[Opening DATA FOR ANALYSIS section]

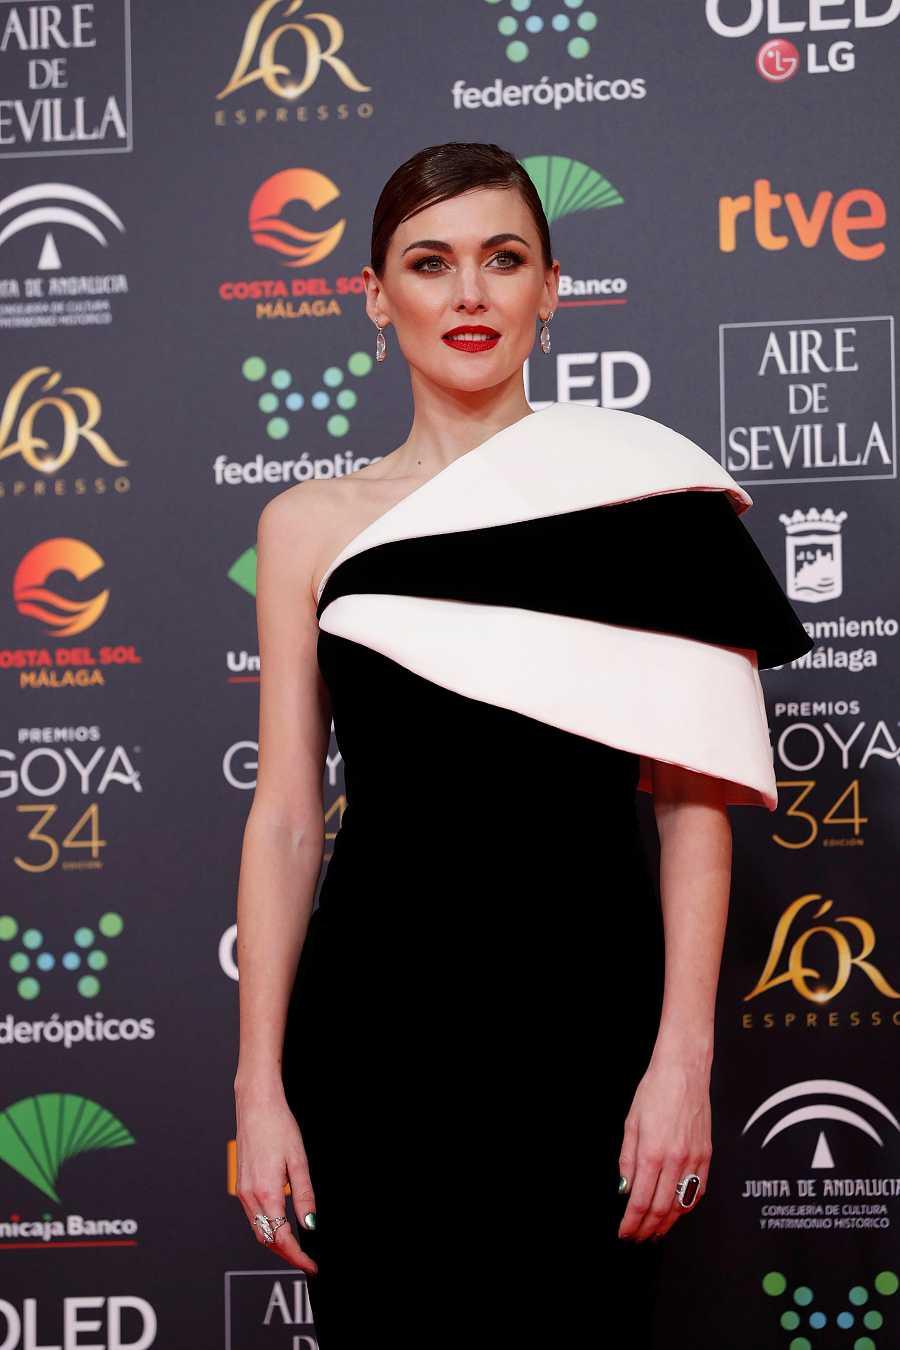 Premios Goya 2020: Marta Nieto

[Closing DATA FOR ANALYSIS section]
[Opening DATA FOR ANALYSIS section]

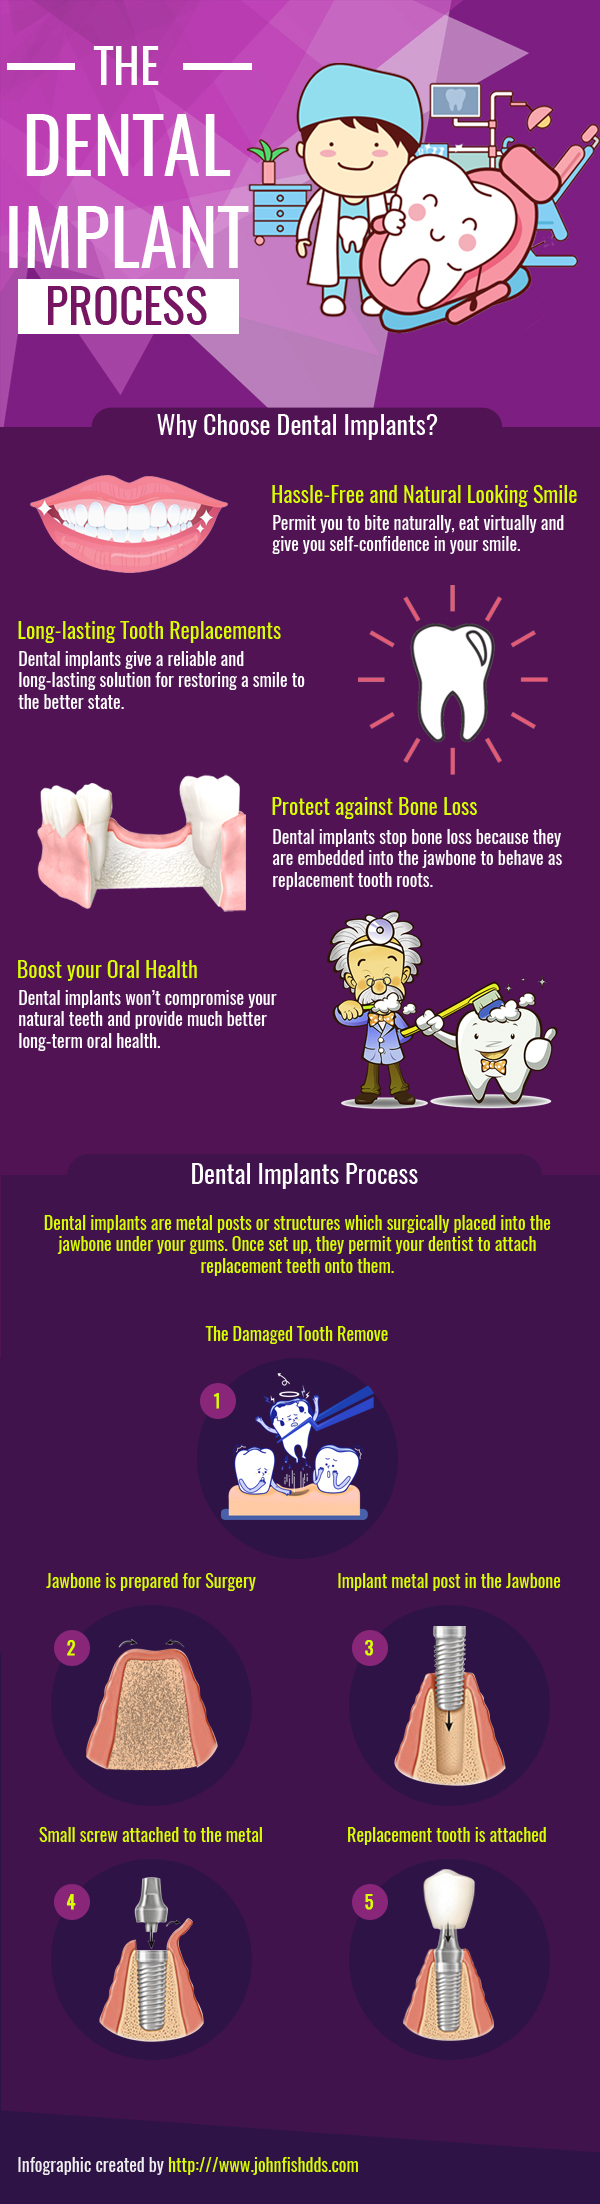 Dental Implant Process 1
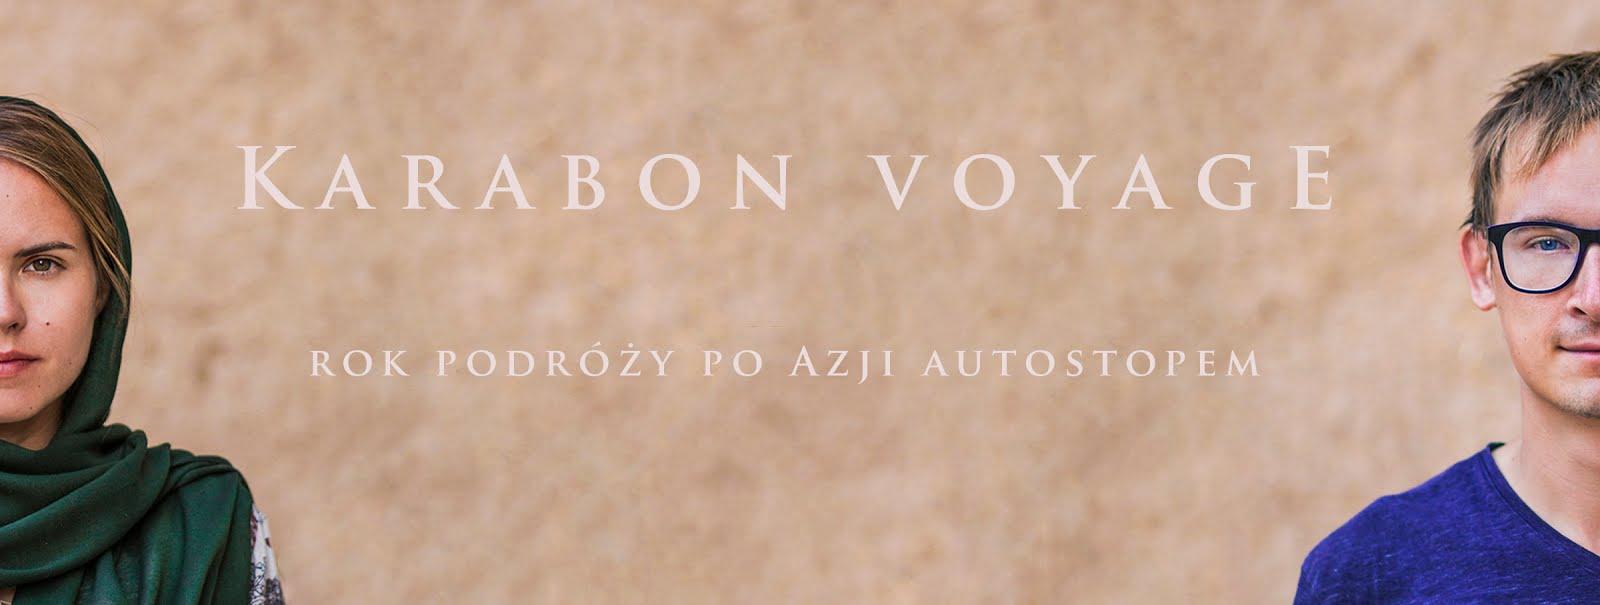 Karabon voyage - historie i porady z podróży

[Closing DATA FOR ANALYSIS section]

From the records above, give again only the part that opens with the line containing "Dental Implant Process 1" and closes with the line containing "Karabon voyage - historie i porady z podróży". Keep both ends but drop the pictures.

 Dental Implant Process 1
 Karabon voyage - historie i porady z podróży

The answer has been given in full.